> [TASK]
With the material below, print exactly the lines between the line holding "finch – Schwäbischer Hochland Whisky" and the line holding "Kožené sandálky Richter 2350-3112-6821 modrá", inclusive. Add nothing else.
***** SUPPLIED ENTRIES *****
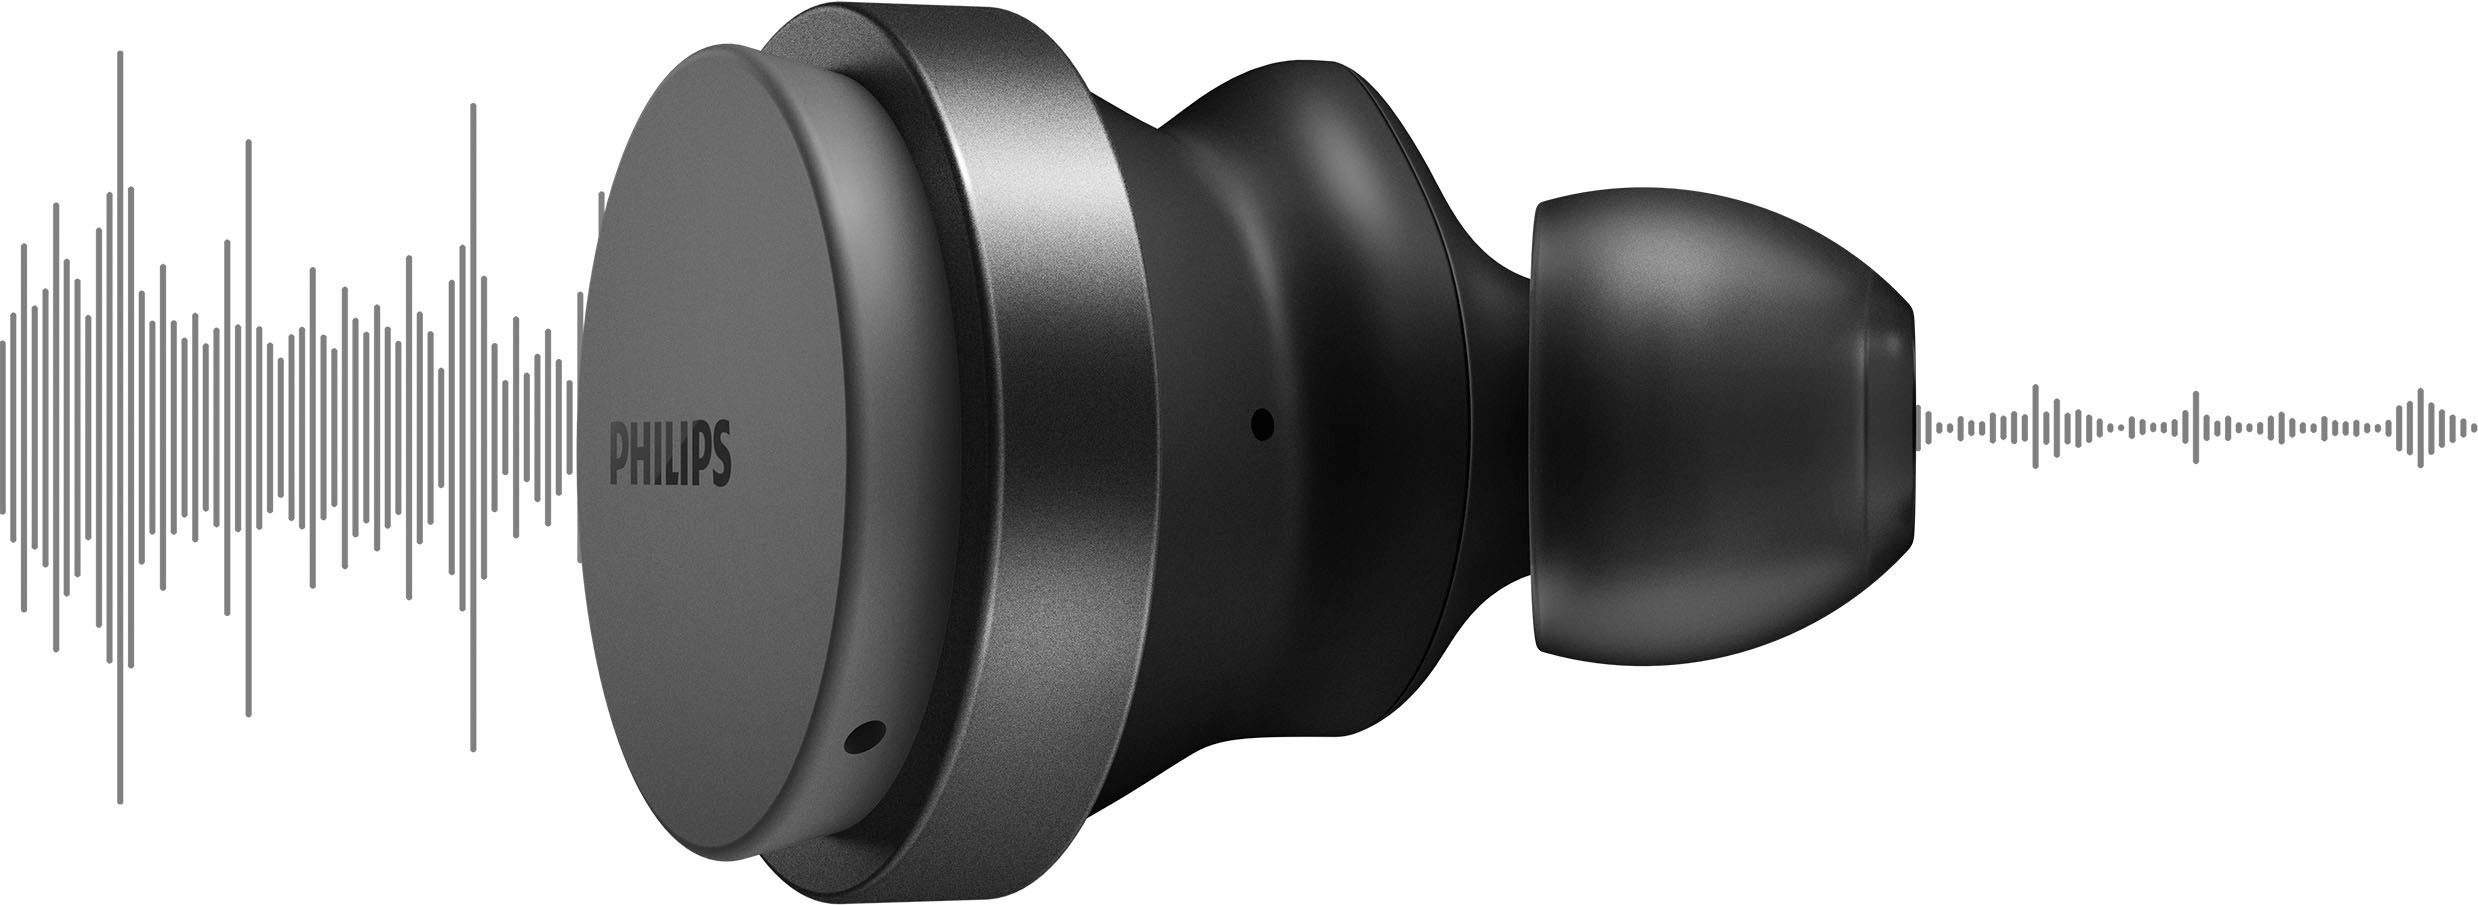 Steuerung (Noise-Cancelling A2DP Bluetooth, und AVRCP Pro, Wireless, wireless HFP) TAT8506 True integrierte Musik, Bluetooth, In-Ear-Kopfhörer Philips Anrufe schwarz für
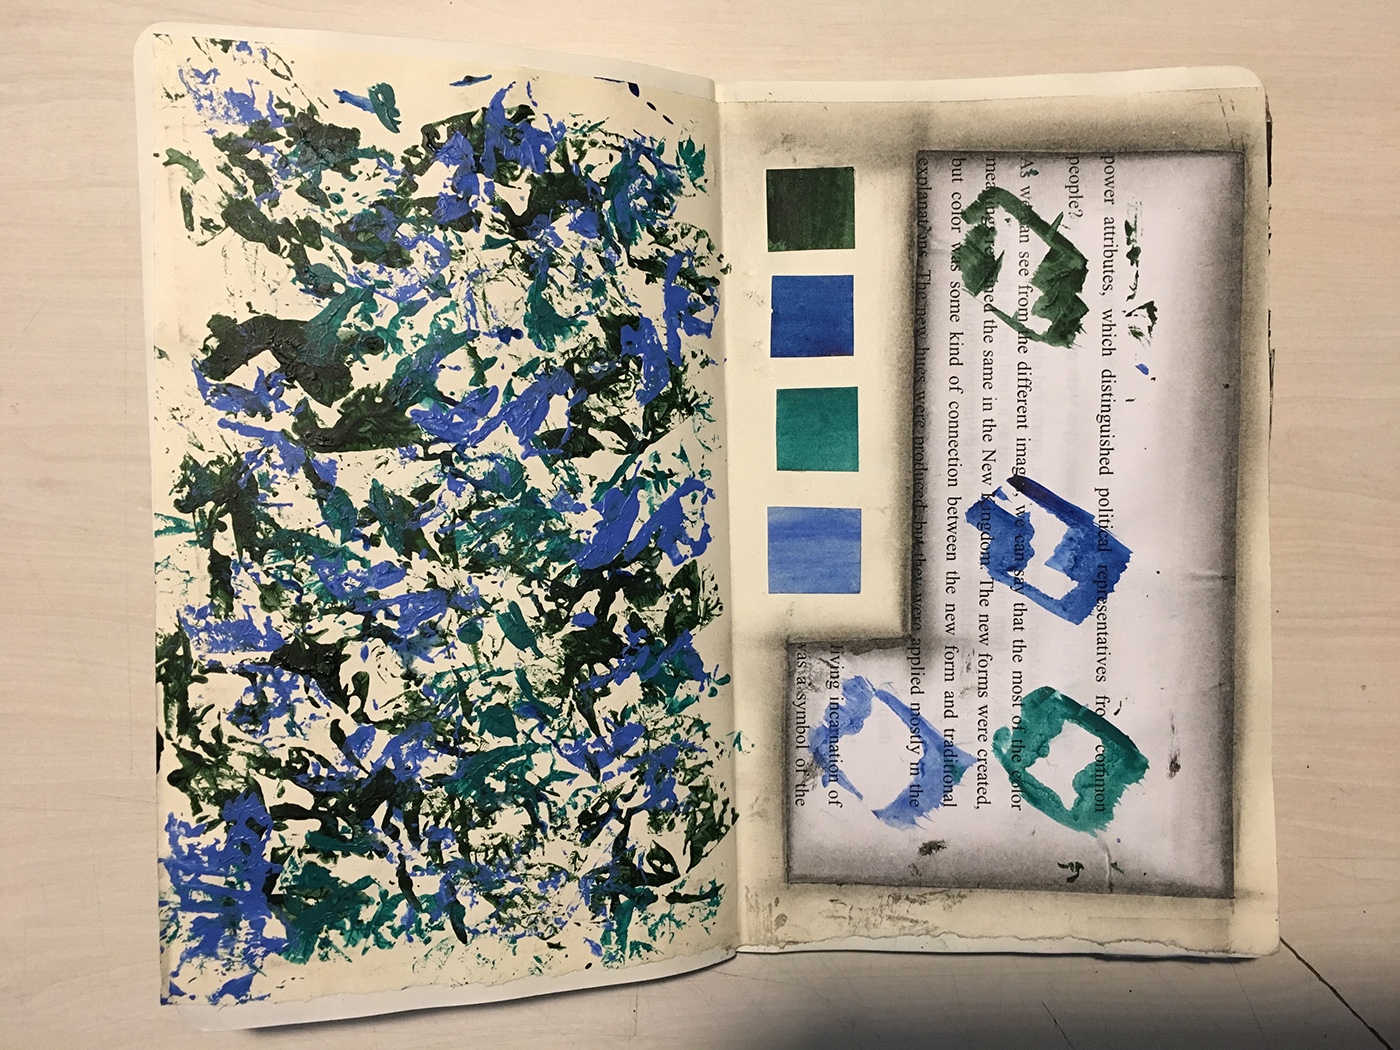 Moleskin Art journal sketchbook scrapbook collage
*****
***** SUPPLIED ENTRIES *****
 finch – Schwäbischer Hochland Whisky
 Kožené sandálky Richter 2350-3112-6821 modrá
*****
***** SUPPLIED ENTRIES *****
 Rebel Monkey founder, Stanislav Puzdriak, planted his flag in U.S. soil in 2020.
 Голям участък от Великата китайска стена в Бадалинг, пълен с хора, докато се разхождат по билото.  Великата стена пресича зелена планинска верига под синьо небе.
*****
> [SOLUTION TO THIS EXERCISE]
 finch – Schwäbischer Hochland Whisky
 Kožené sandálky Richter 2350-3112-6821 modrá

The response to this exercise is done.